Paid Parental Leave & Going Back to Work — A Melbourne Parent's Guide

Work & Money8 min readmelbourne.baby editorial

How Government Parental Leave Pay works, employer leave, your unpaid-leave rights under Fair Work, keeping-in-touch days, and requesting flexible work when you return.

Editorial provenance · how this guide was made
Author
melbourne.baby editorial
Last updated
1 June 2026

There are three separate things people lump together as "maternity leave": government-paid leave, your employer's paid leave (if any), and your right to unpaid leave. They stack. Here's how each works.

1. Government Parental Leave Pay

The Commonwealth's Parental Leave Pay is paid at the national minimum wage and has been progressively expanding (the scheme is increasing toward 26 weeks, and superannuation is now paid on it). Key points:

  • Eligibility is based on a work test (you worked enough in the period before birth/adoption), an income test, and being the child's carer.
  • It can be shared between parents, with a portion reserved for each, and taken flexibly around work.
  • It's separate from your employer's scheme — you can usually receive both.
  • Claim through Services Australia (myGov → Centrelink) — you can claim before the birth so it's ready to go.
Exact weeks, rates, and reserved portions change as the scheme expands — always confirm the current figures on servicesaustralia.gov.au before you plan.

2. Employer paid parental leave

Entirely separate and varies hugely by employer — some offer generous paid leave, many offer none. Check your contract, enterprise agreement, or HR. Where it exists, it typically runs alongside or before the government payment.

3. Your unpaid-leave rights (Fair Work)

Under the National Employment Standards, eligible employees (generally 12+ months' continuous service) can take:

  • Up to 12 months' unpaid parental leave, and
  • The right to request a further 12 months (your employer can only refuse on reasonable business grounds).
  • Return-to-work guarantee — the right to come back to your same (or an equivalent) job.

Keeping in touch days

You can do a limited number of "keeping in touch" days — paid work while on leave — without ending your parental leave. Useful for a gradual return, training, or a big project, and for easing back in.

Returning to work — flexible work requests

Parents of young children have the right to request flexible working arrangements (changed hours, days, or location). Put it in writing; your employer must respond within 21 days and can only refuse on reasonable business grounds.

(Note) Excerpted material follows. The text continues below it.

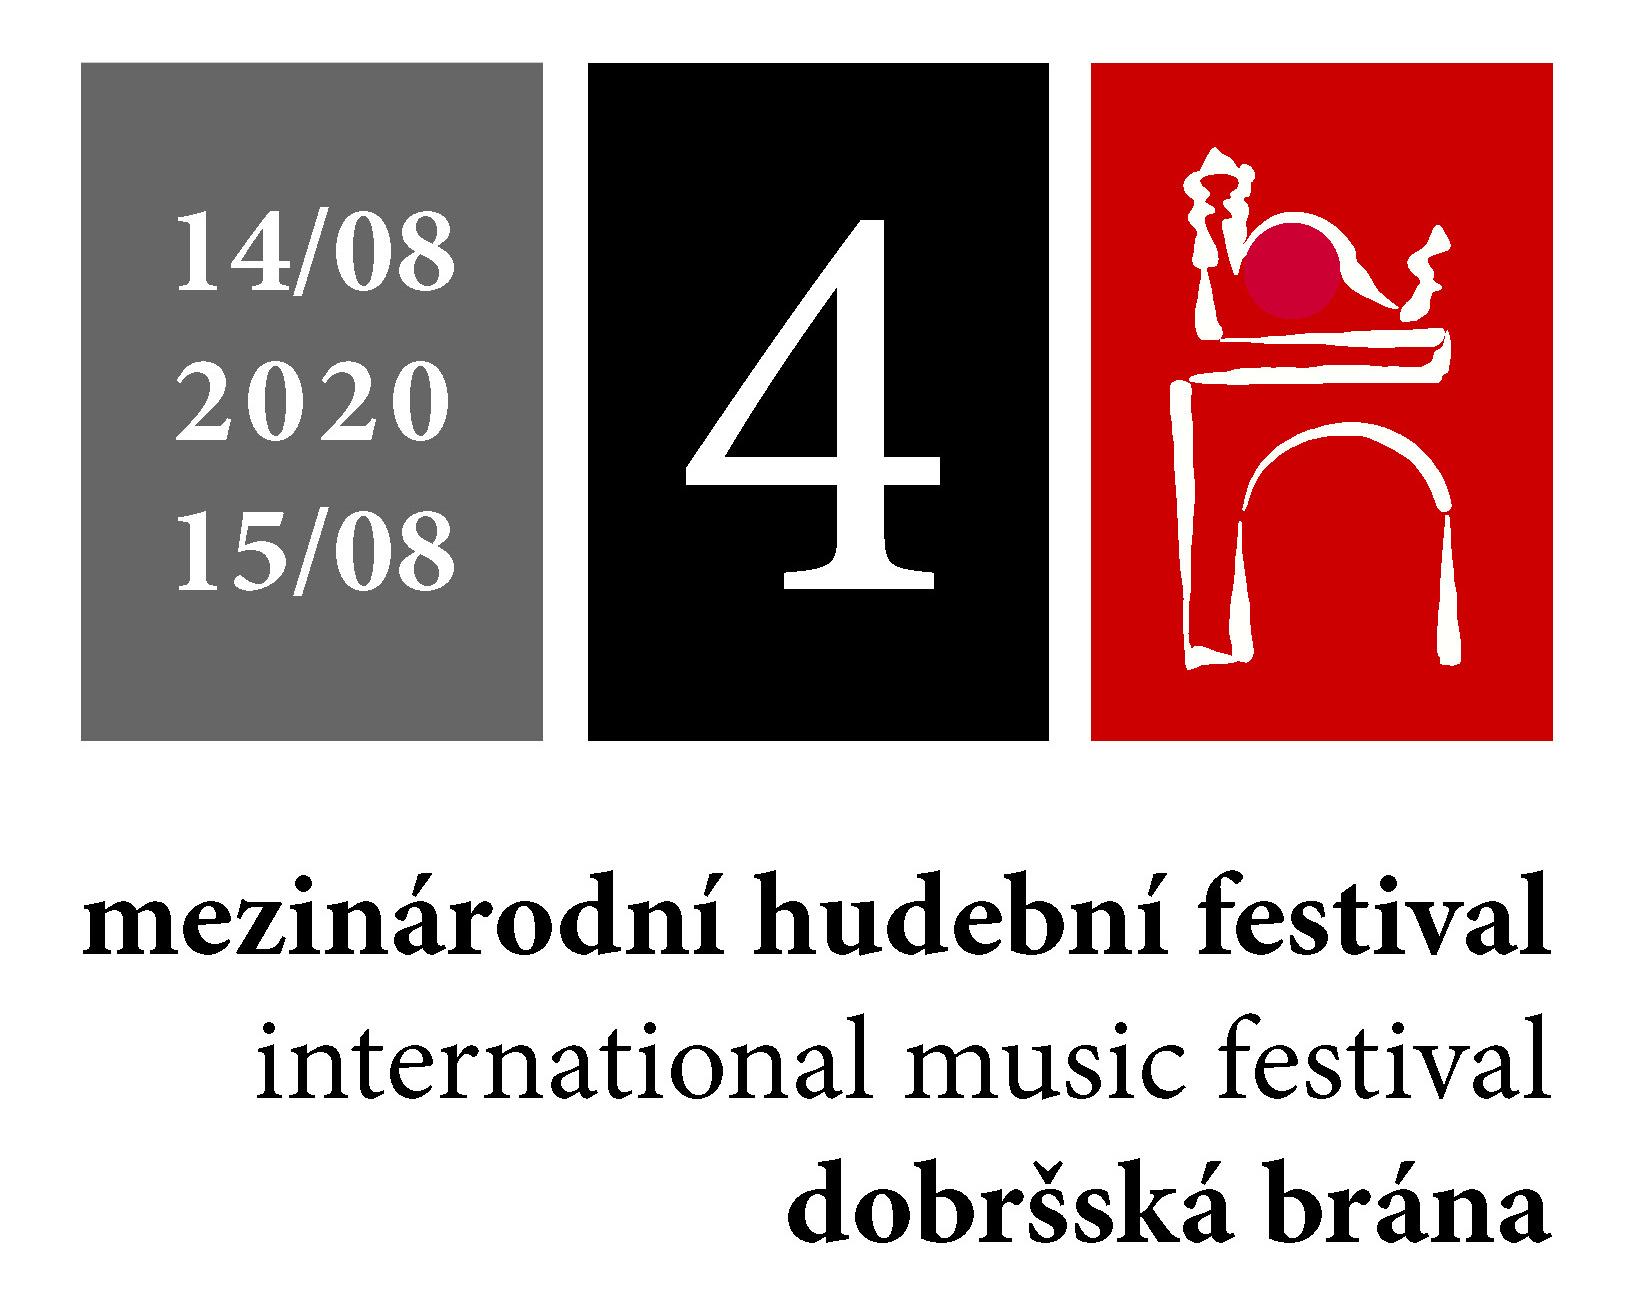 Festival Dobršská brána 2020

Line up the practical side early: - Sort childcare and your CCS claim well before your return — see Daycare vs FDC vs Nanny vs Au Pair and Free Kinder & CCS. - If breastfeeding, read the pumping-for-work section. - Build in a buffer week between starting care and starting work — both of you need the settling-in time.

A simple planning order

1. Check employer paid leave in your agreement. 2. Lodge your government Parental Leave Pay claim (can be before birth). 3. Confirm your unpaid-leave dates and return-to-work date in writing. 4. Get on childcare waitlists and lodge your CCS claim. 5. Draft your flexible-work request before you return.

Disclaimer: melbourne.baby is a community platform — information is general and not financial, legal, or government advice. Entitlements and rates change; confirm with servicesaustralia.gov.au, fairwork.gov.au, and your employer.